Published on Development Impact

The Future of Surveys: Six Takeaways from the Inaugural Conference on Innovations in Survey Measurement in the Age of AI

This page in:
Development Impact logo

Advances in data and measurement are reshaping how researchers and policymakers understand jobs, livelihoods, and economic resilience in low- and middle-income countries. But improving measurement is far from straightforward. How surveys ask questions, how responses are coded, and how new technologies are integrated can all affect the quality of data.
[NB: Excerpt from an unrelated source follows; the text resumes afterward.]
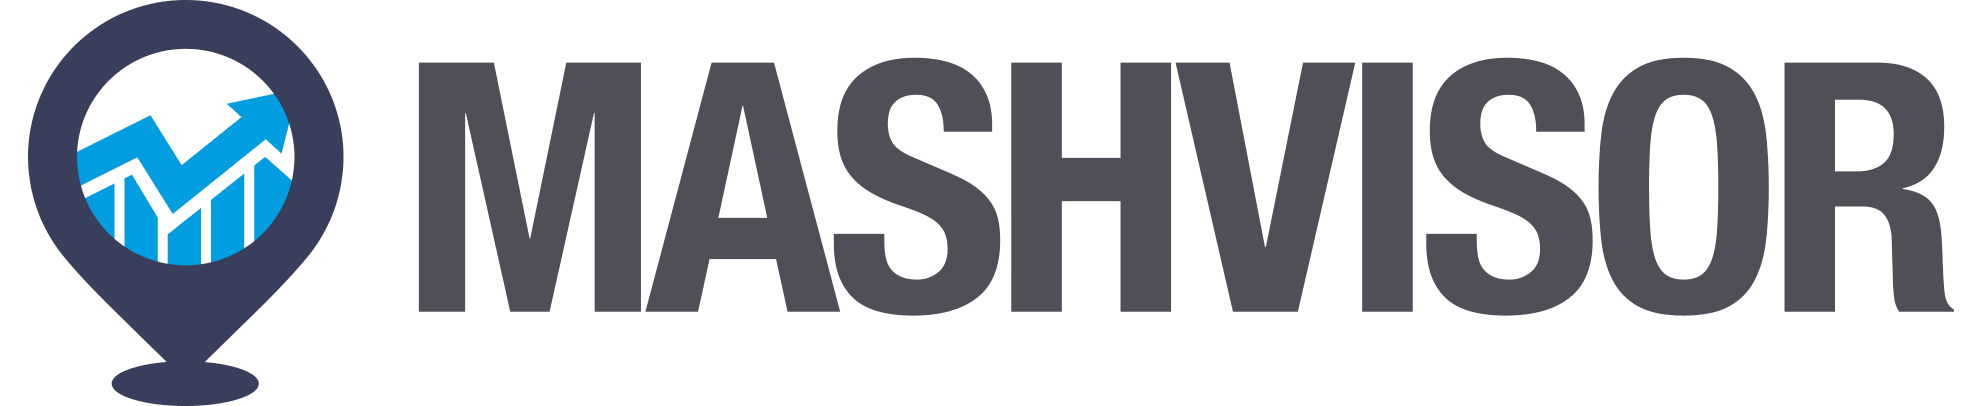 mashvisor-logo.dark
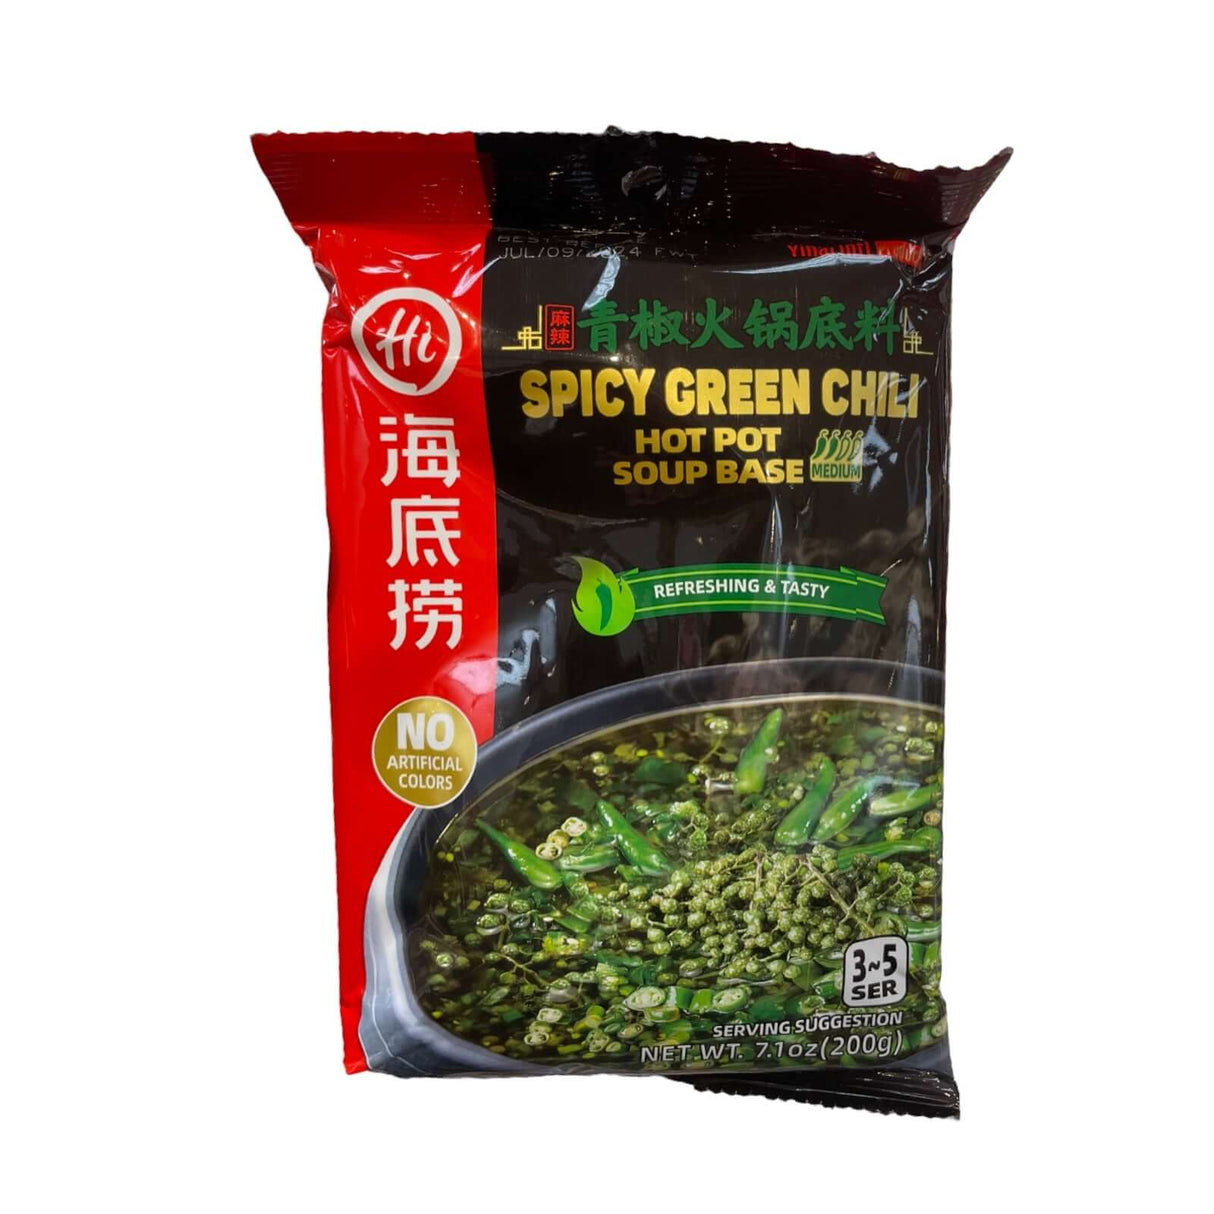 HAidilao Spicy Green Chili Hot Pot Soup Base Medium

These challenges were at the center of the inaugural conference “Better Data for Better Jobs and Lives: Innovations in Survey Measurement in the Age of AI,” held at the World Bank in Washington, DC in December 2025, and organized by the World Bank Survey Unit’s  Living Standards Measurement Study (LSMS) program and the Global Poverty Research Lab at Northwestern University, in collaboration with the World Bank Data Academy. An overview of all sessions and their recordings is available here.

Building on that momentum, we are happy to announce the next installment of the Conference on Innovations in Survey Measurement in the Age of AI will take place on December 8 and 9, 2026, at the World Bank Headquarters in Washington, D.C. Stay tuned for the Call for Papers.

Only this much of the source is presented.